--- Extracted material ---
□ □ □ □ □ □ □

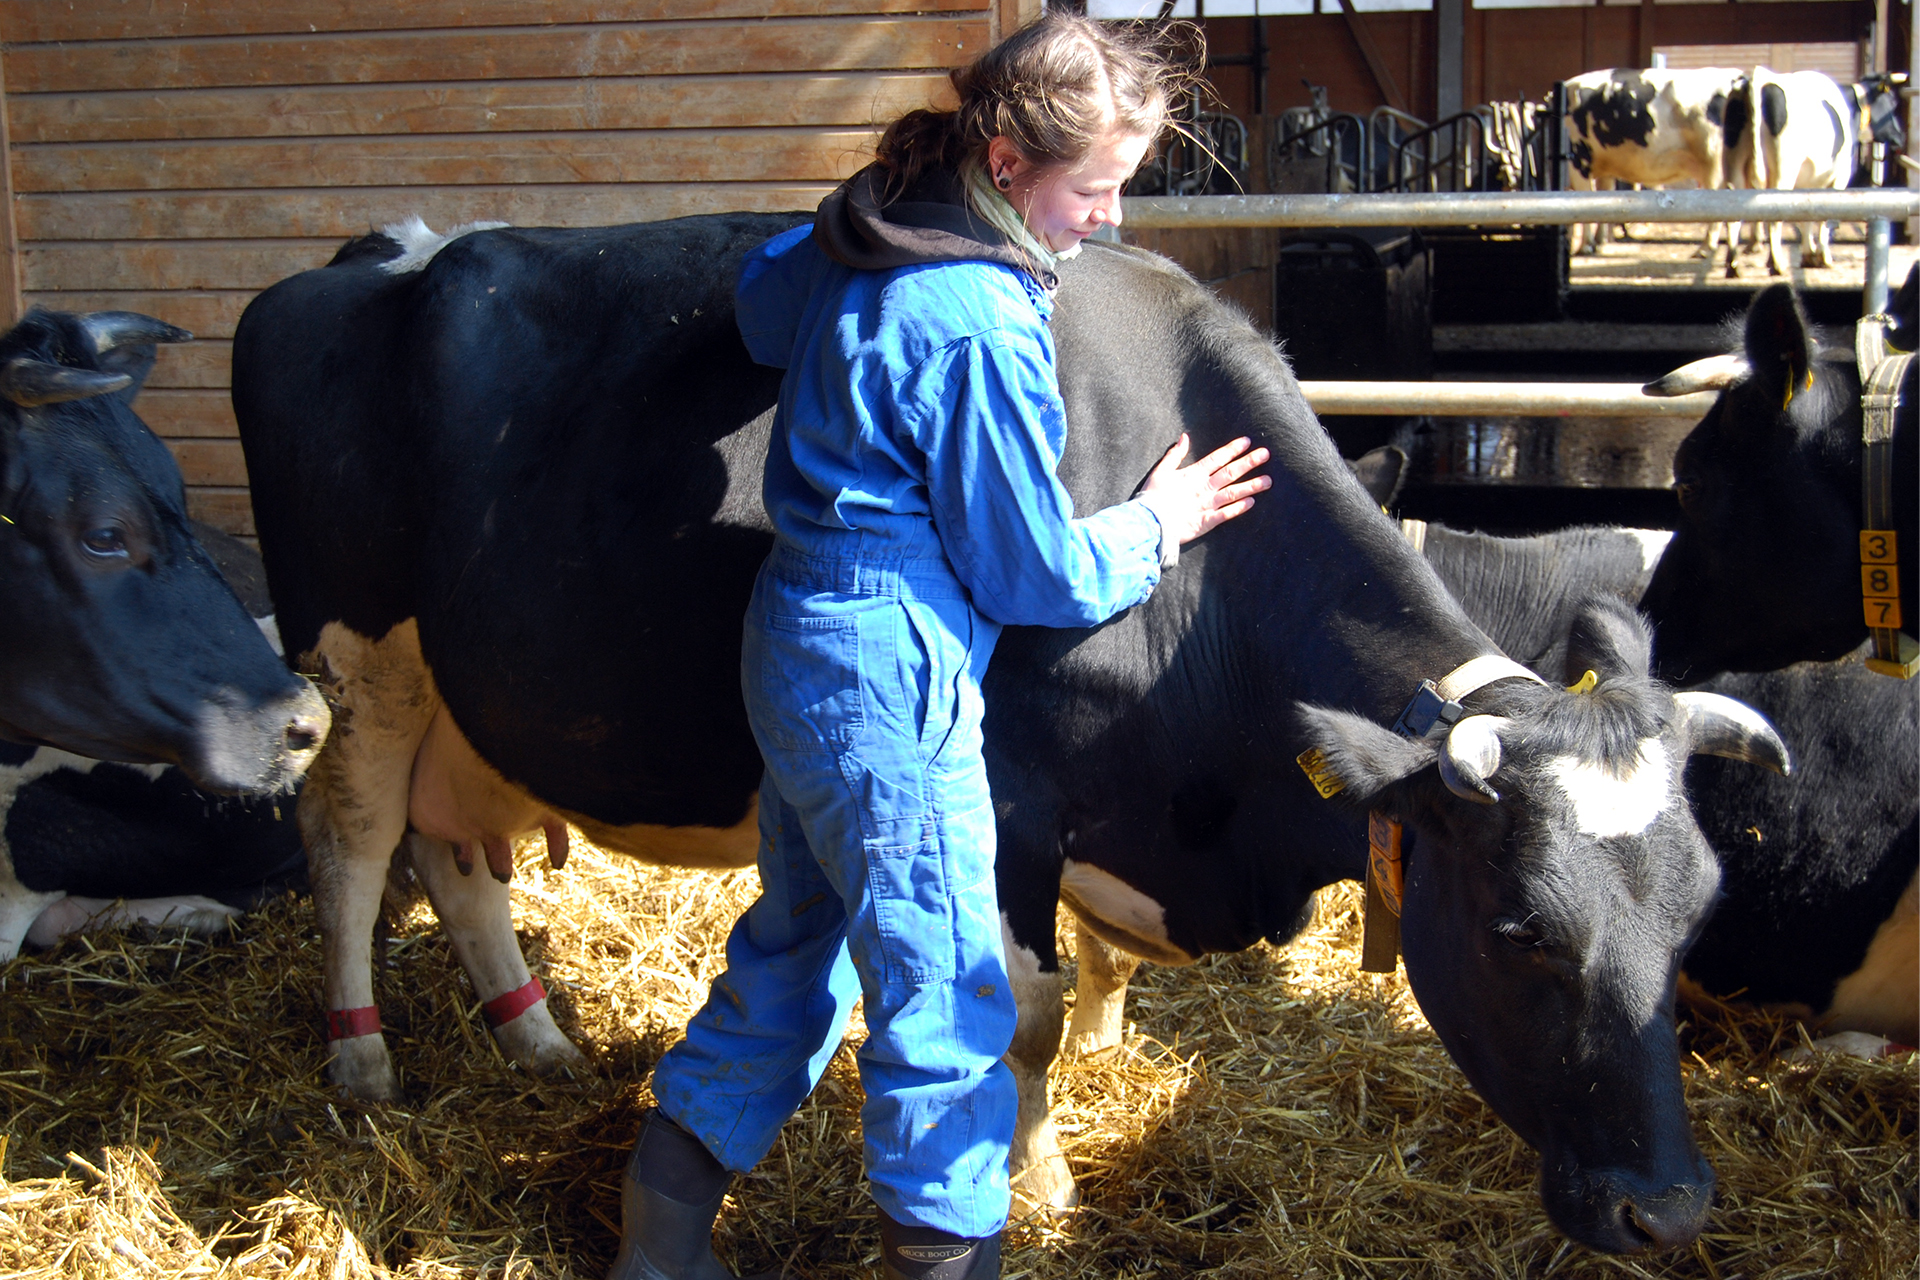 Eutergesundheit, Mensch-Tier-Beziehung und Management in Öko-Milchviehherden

□ □ □ □ □ □ □

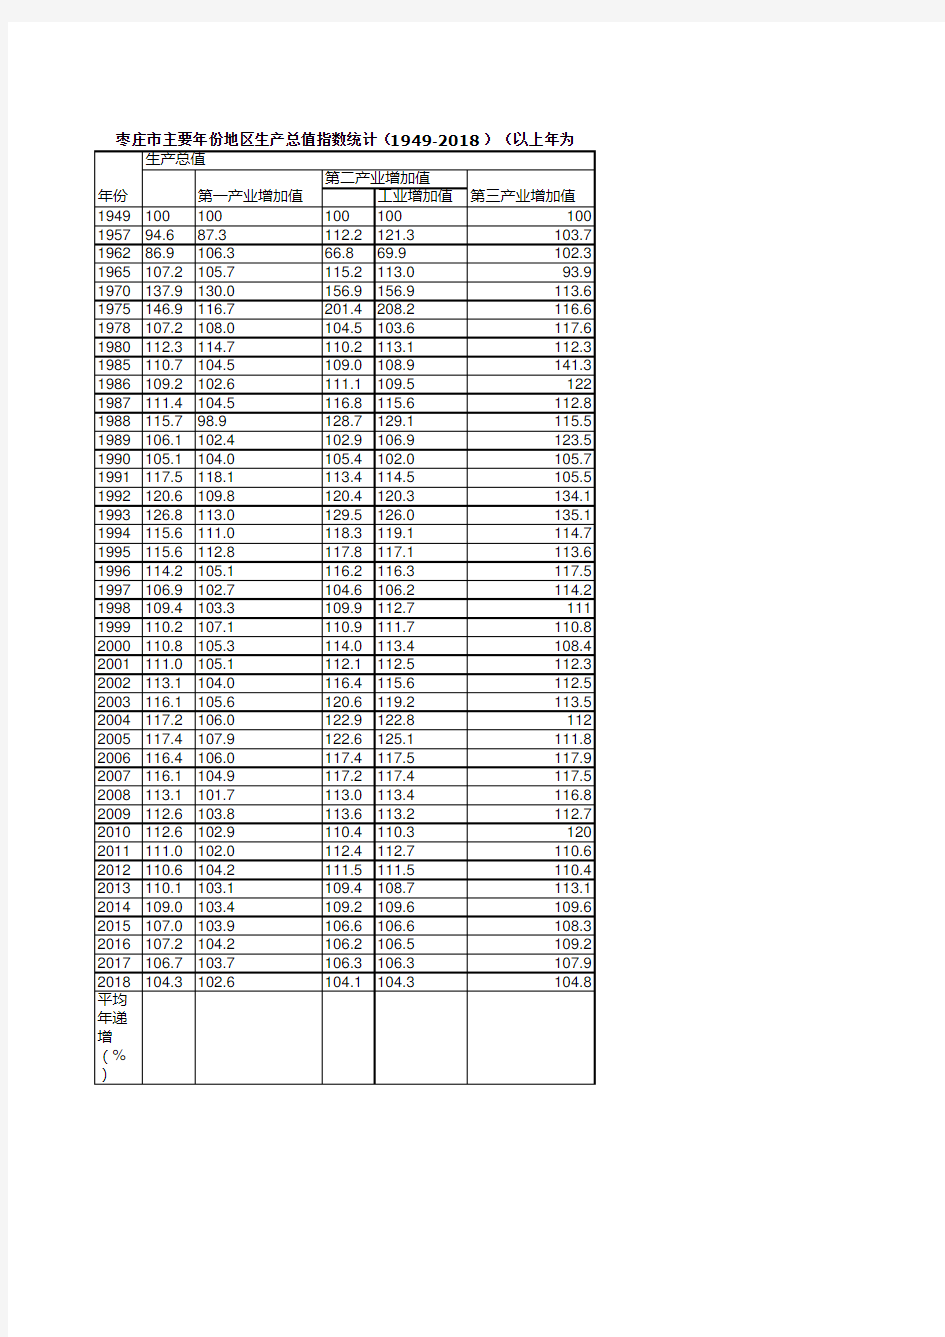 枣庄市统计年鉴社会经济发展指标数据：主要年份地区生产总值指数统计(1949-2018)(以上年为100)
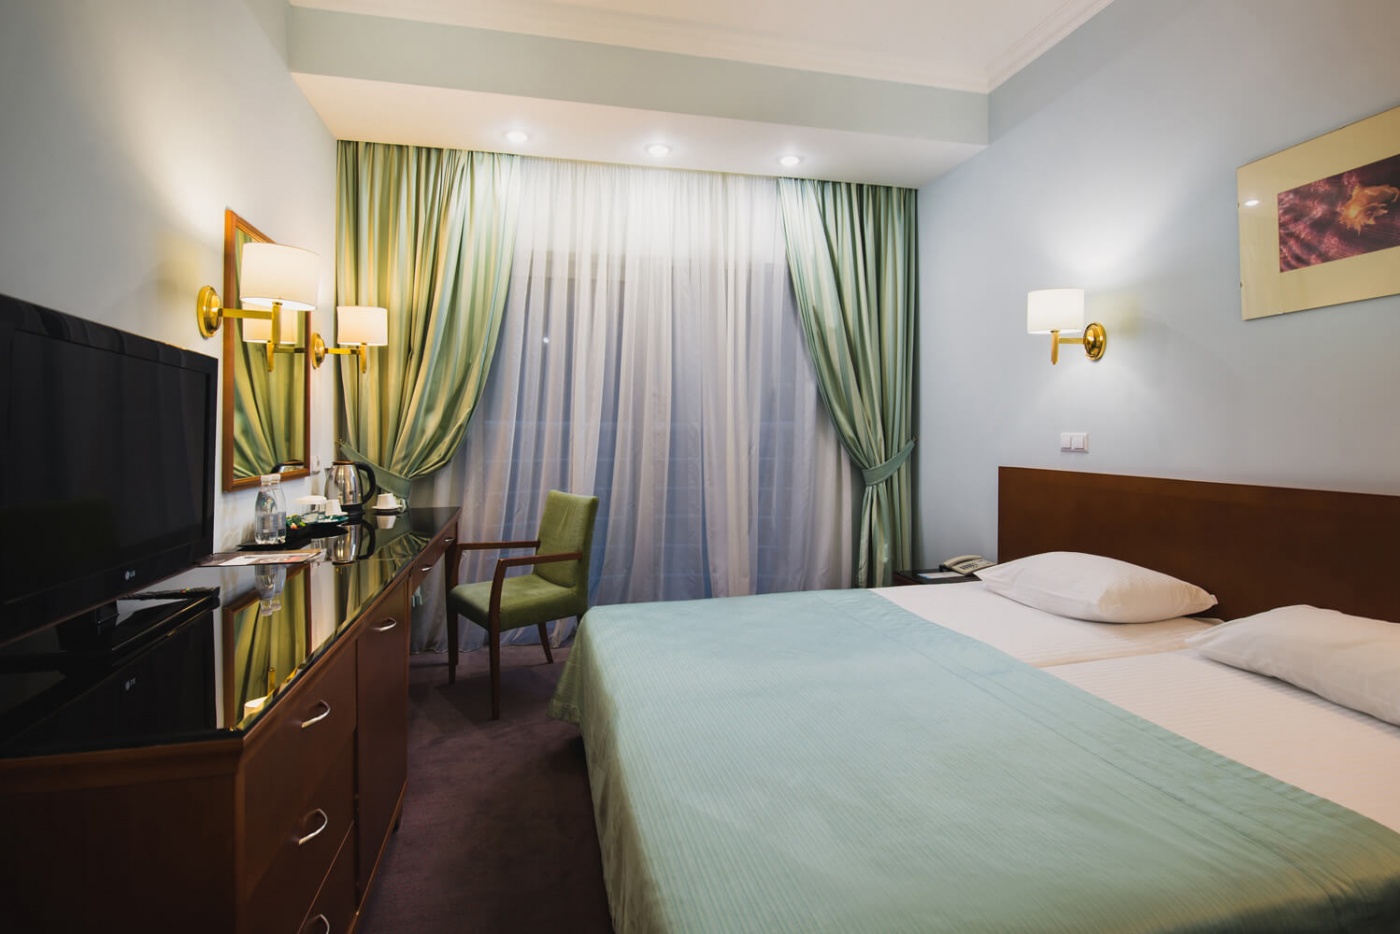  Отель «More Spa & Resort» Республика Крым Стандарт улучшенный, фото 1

□ □ □ □ □ □ □

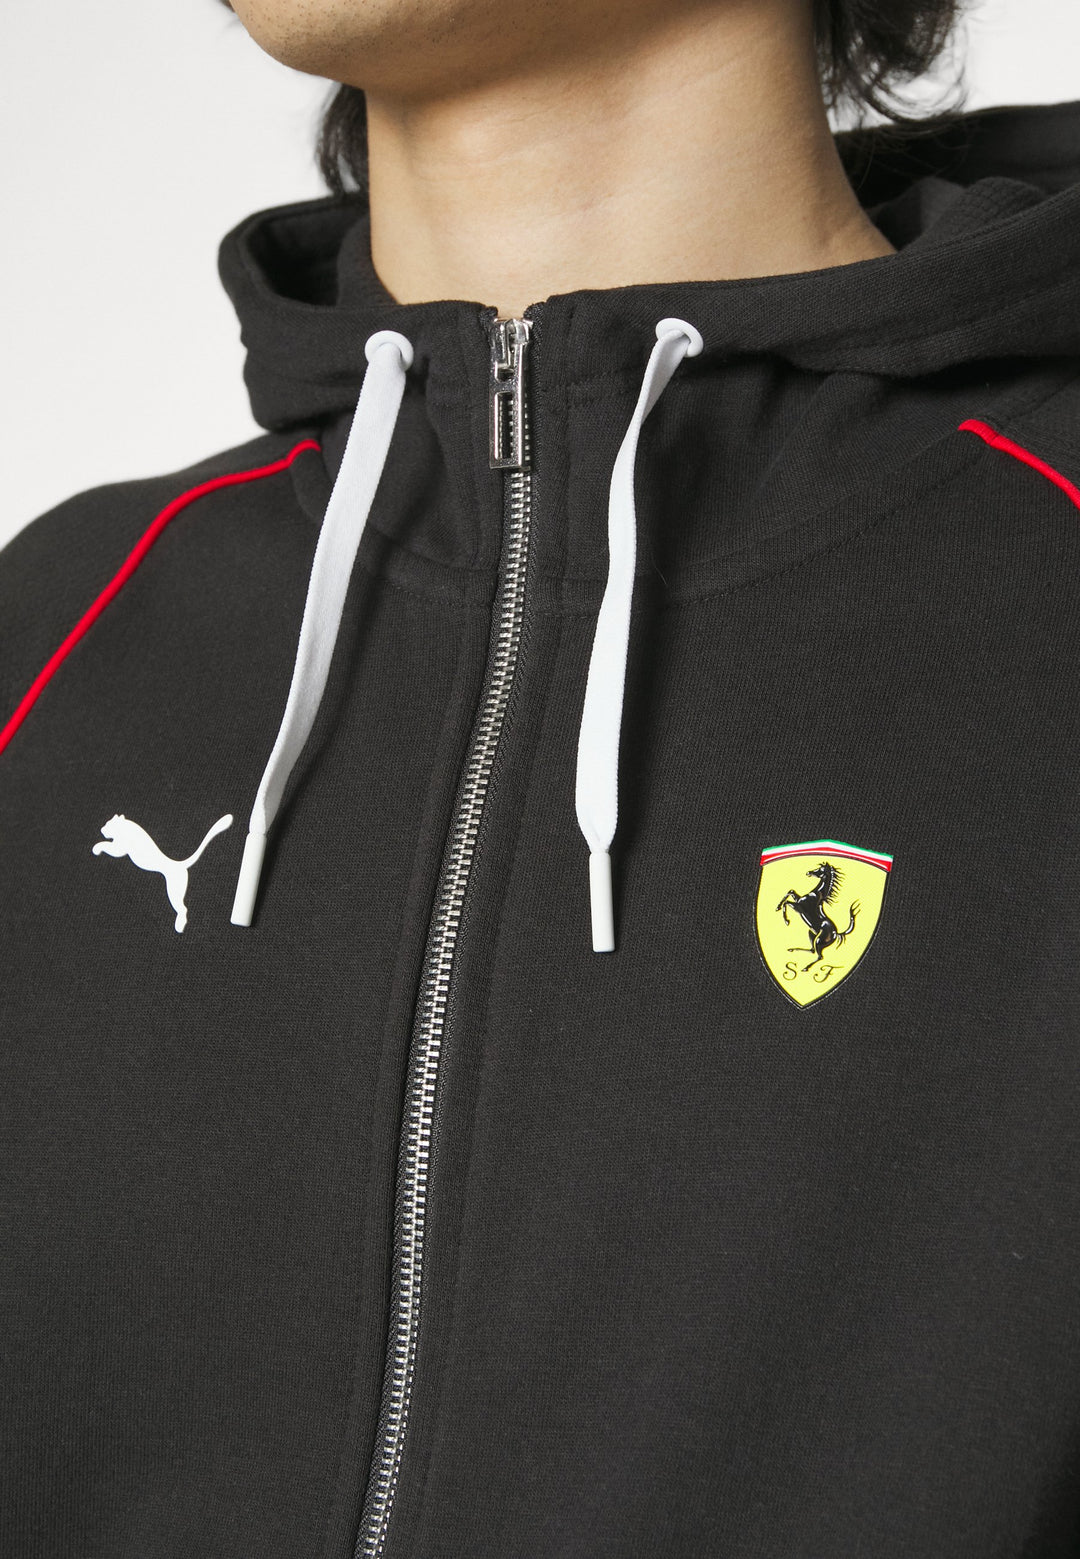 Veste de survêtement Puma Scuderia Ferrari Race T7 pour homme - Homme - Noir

□ □ □ □ □ □ □

--- Task brief ---
In the listing above, find the line with "枣庄市统计年鉴社会经济发展指" and the line with "улучшенный, фото 1". Transcribe those two and everything between, exactly, leaving out pictures.

--- Your response ---
 枣庄市统计年鉴社会经济发展指标数据：主要年份地区生产总值指数统计(1949-2018)(以上年为100)
  Отель «More Spa & Resort» Республика Крым Стандарт улучшенный, фото 1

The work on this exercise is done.